Burundi news, le 13/06/2011

 

Burundi : quand la morale a totalement foutu le camp

Pierre Claver Niyonkuru

 

Depuis mon enfance, on m’a toujours dit que les Burundais étaient un peuple croyant. Avant l’arrivée des religions telles que connues aujourd’hui, mes ancêtres priaient leur dieu Kiranga. Quand le colonisateur a emmené la religion, les Burundais y ont adhéré : plus de 90% des Burundais croient en Dieu et sont adeptes de l’une ou l’autre religion.

Tous les dimanches, les Églises sont pleines à claquer, on observe la même situation pour les mosquées les vendredis. Les gens prient, crient et implorent Dieu le tout puissant. Même les plus hautes autorités du pays sont des fervents croyants.

 

Toutefois, après les prières de la messe, la nuit tombée, des fils et des filles du Burundi sont massacrés et leurs corps jetés dans les rivières.  Jadis, la rivière servait de source d’eau pour satisfaire aux besoins des citoyens, aujourd’hui, on se dirige vers la rivière pour faire des découvertes macabres. Ces enfants du Burundi sont tués par d’autres enfants du Burundi. Pourtant, les Églises sont toujours pleines! Est-ce la très petite minorité des Burundais qui ne va pas à la messe qui maintient le pays dans cette situation désastreuse?

 

Pendant la semaine, c’est-à-dire, dès lundi, le lendemain du dimanche, jour de prière pour un grand nombre de Burundais, les mêmes autorités qui prêchaient la bonne nouvelle la veille sont les mêmes  qui récoltent les pots de vin, qui rançonnent la population et qui détournent les biens publics au vu et au su de tout le monde.

Voler l’argent, surtout quand il s’agit de l’argent de l’État n’est pas un scandale dans ce pays, c’est plutôt une valeur sociale : chacun vole le plus qu’il peut, après tout la chèvre broute là où elle est attachée, et qui travaille à l’hôtel mange à l’hôtel. 

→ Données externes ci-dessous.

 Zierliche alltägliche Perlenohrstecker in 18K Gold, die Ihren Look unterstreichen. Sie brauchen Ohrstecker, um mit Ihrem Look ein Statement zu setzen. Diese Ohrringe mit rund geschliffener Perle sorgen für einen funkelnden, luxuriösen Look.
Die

Ainsi, dans ce pays où la morale a totalement foutu le camp, on vole, on construit des belles grosses villas, on achète des belles grosses voitures, on prend le plus de belles femmes qu’on peut,… C’est ça qu’on appelle la réussite dans le Burundi actuel. Les valeurs de dignité de nos ancêtres, on les a oubliées. Malheur aux petits fonctionnaires qui n’ont pas accès à la caisse.

 

Quand on essaye de garder ses valeurs morales, notamment en refusant les pots de vin, on devient l’ennemi public numéro un, on est donc à abattre. Un ami qui est dans le système aux affaires à Bujumbura me disait il y a quelques semaines que ce qui se passe chez nous dépasse l’entendement. Un commerçant vient te voir avec une enveloppe pour te corrompre en rapport avec un dossier, tu refuses de prendre l’enveloppe. On te prévient, si tu ne la prends pas, c’est ton patron qui la prendra. Tu persistes, le commerçant va voir ton patron, ce dernier prend l’enveloppe sans hésiter. Par la suite, tu deviens la cible de tout le monde, le corrompu et le corrupteur. Si tu ne perds pas ta vie, tu perds ton emploi. Encore faudra-t-il prier le ciel pour ne pas effectuer ton premier stop à Mpimba. Voilà ce qui se passe quand la morale a totalement foutu le camp. Comprenez-moi bien! Je ne suis pas en train de dire que la corruption n’existe qu’au Burundi, loin de là. Elle existe partout.  Ce que je condamne c’est qu’elle est devenue la norme au Burundi.

 

Au Burundi, encore en 2011, l’État reste le seul employeur, ce qui donne une grande marge de manœuvre aux chefs, faiseurs de la pluie, jamais du beau temps. Les compétences et les qualifications ne sont plus des critères importants dans l’embauche. Par ailleurs, parmi les lauréats des universités, c’est ceux qui réussissaient moins bien, c’est-à-dire difficilement, qui ont accès aux meilleurs emplois. Eux, ils posent moins de questions quand on leur confie des missions peu catholiques, parce qu’ils savent qu’en cas d’un concours sérieux, ils ne s’en sortiront pas.  En fait, il y a des nouveaux critères de sélection pour les emplois au Burundi : être membre, surtout un militant zélé du parti au pouvoir, être un proche d’un membre influent du parti, avoir l’argent pour monnayer ton recrutement ou alors être une belle femme désirée par les chefs. En dehors de ces critères, soyez compétent et postulez tous les postes, rien! De toutes les façons, l’emploi ne se demande plus dans les ministères et organismes du gouvernement, mais à la permanence du parti au pouvoir et pour y arriver, il faut faire partie des heureux choisis.

 

À l’école, l’effort n’est plus le mot d’ordre. Après tout, on peut devenir haut gradé de l’armée ou de la police en sachant à peine lire et écrire. On peut aussi occuper des hautes fonctions de l’État avec un certificat du primaire.  Les enseignants ont perdu la morale. Les points ne sont plus mérités, on les achète et ce n’est pas compliqué : les garçons payent de l’argent et les filles donnent leur corps à leurs enseignants, qui sont pourtant supposés prendre la place des parents. Voilà comment la morale a totalement foutu le camp. Les dirigeants, au lieu de protéger les plus faibles et garantir l’harmonie sociale, ils laissent faire.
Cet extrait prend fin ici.